A directory will be created called: diffExpr.P0.001_C2.matrix.R.all.RData.clusters_fixed_P_20/ and contain the expression matrix for each of the clusters (log2-transformed, median centered).

To plot the mean-centered expression patterns for each cluster, visit that directory and run:

$TRINITY_HOME/Analysis/DifferentialExpression/plot_expression_patterns.pl subcluster_*

This will generate a summary image file: my_cluster_plots.pdf, as shown below:

expression_profiles_for_clusters

Manually Defining Gene Clusters

Manually defining your clusters is the best way to organize the data to your liking. This is an interactive process. Fire up R from within your output directory, being sure it contains the all.RData file, and enter the following commands:

% R
> load("all.RData") # check for your corresponding .RData file name to use here, replace all.RData accordingly
> source("$TRINITY_HOME/Analysis/DifferentialExpression/R/manually_define_clusters.R")
> manually_define_clusters(hc_genes, centered_data)

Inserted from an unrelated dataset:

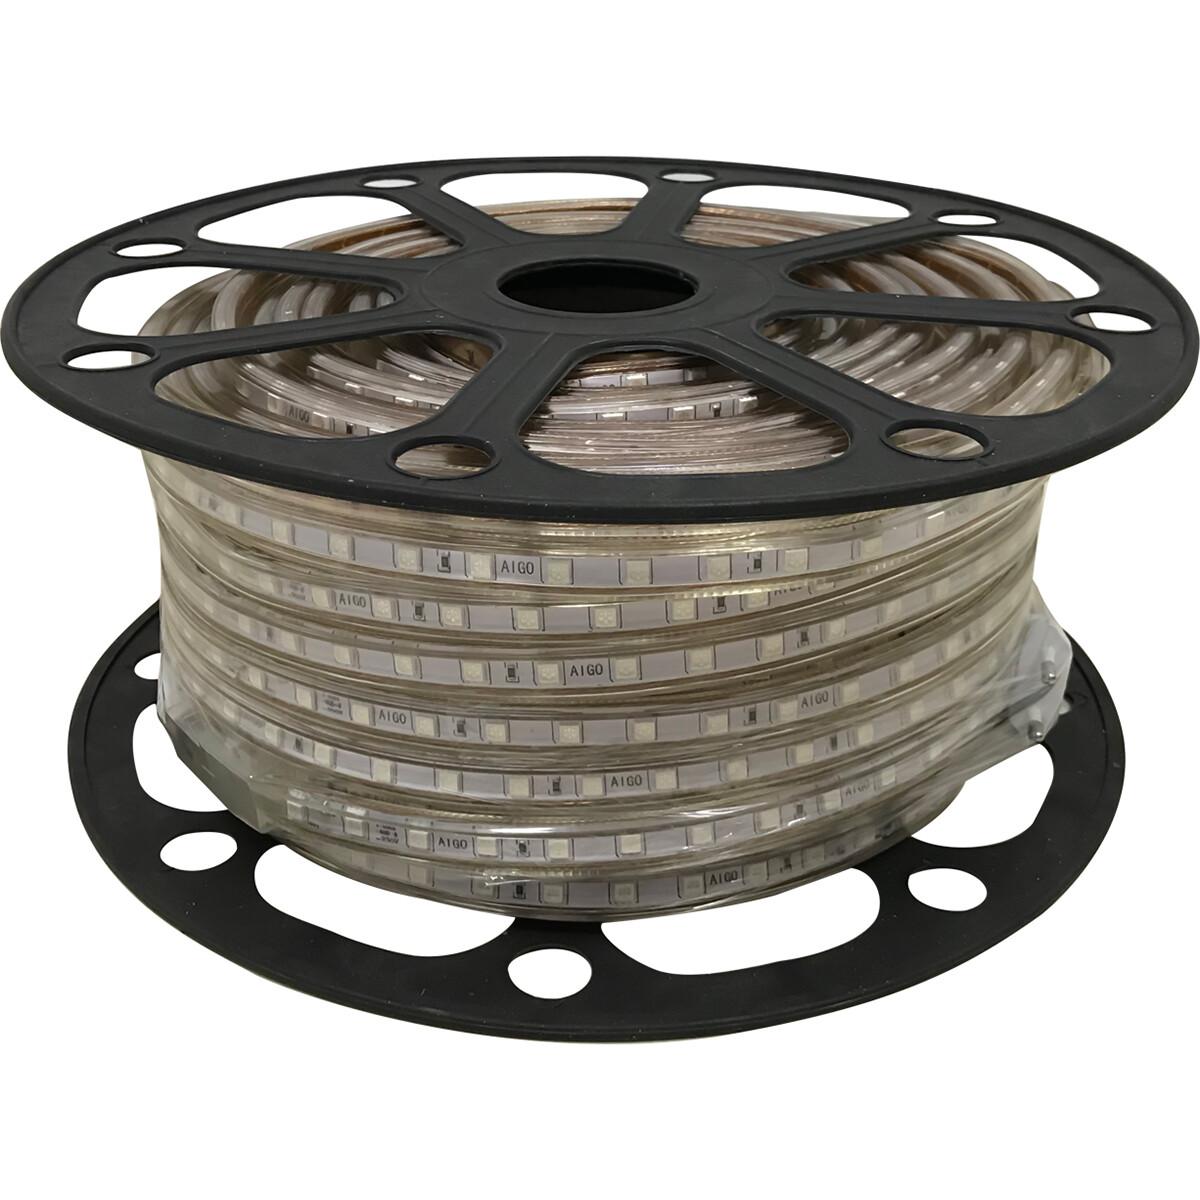 LED Strip - Aigi Strabo - 50 Meter - Dimbaar - IP65 Waterdicht - Groen - 5050 SMD 230V
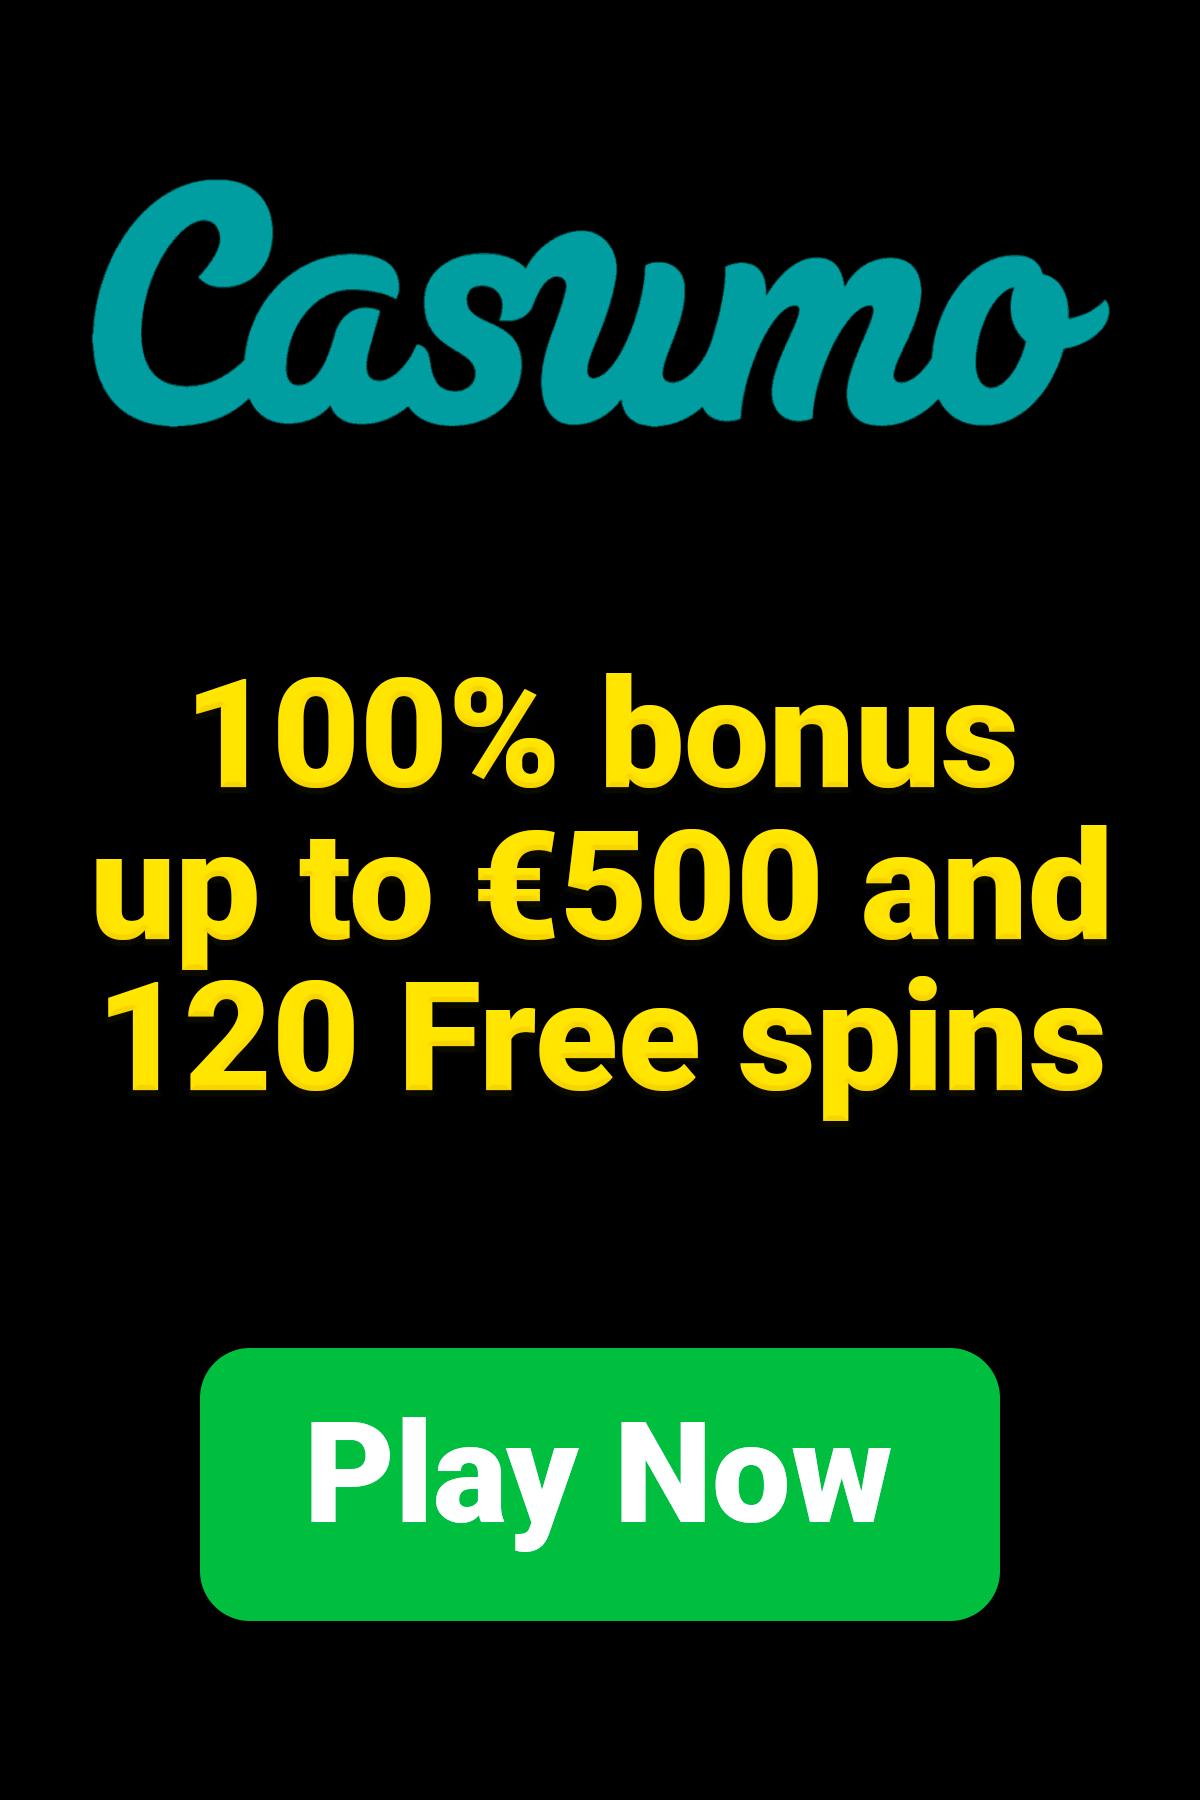 Das beste Online Casino Schweiz – empfohlen von NetEnt™

This should yield a display containing the hierarchically clustered genes, as shown below:

expression_hcl_tree

Now, manually define your clusters from left to right (order matters here, so you can decipher the results later!) by clicking on the branch vertical branch that defines the clade of interest. After clicking on the branch, it will be drawn with a red box around the selected clade, as shown below:

manually_selected_hcl_clusters_from_tree

Right click with the mouse (or double-touch a touchpad) to exit from cluster selection.

The clusters as selected will be written to a subdirectory manually_defined_clusters_$count_clusters, and exist in a format similar to the automated-selection of clusters described above. Likewise, you can generate plots of the expression patterns for each cluster using the plot_expression_patterns.pl script.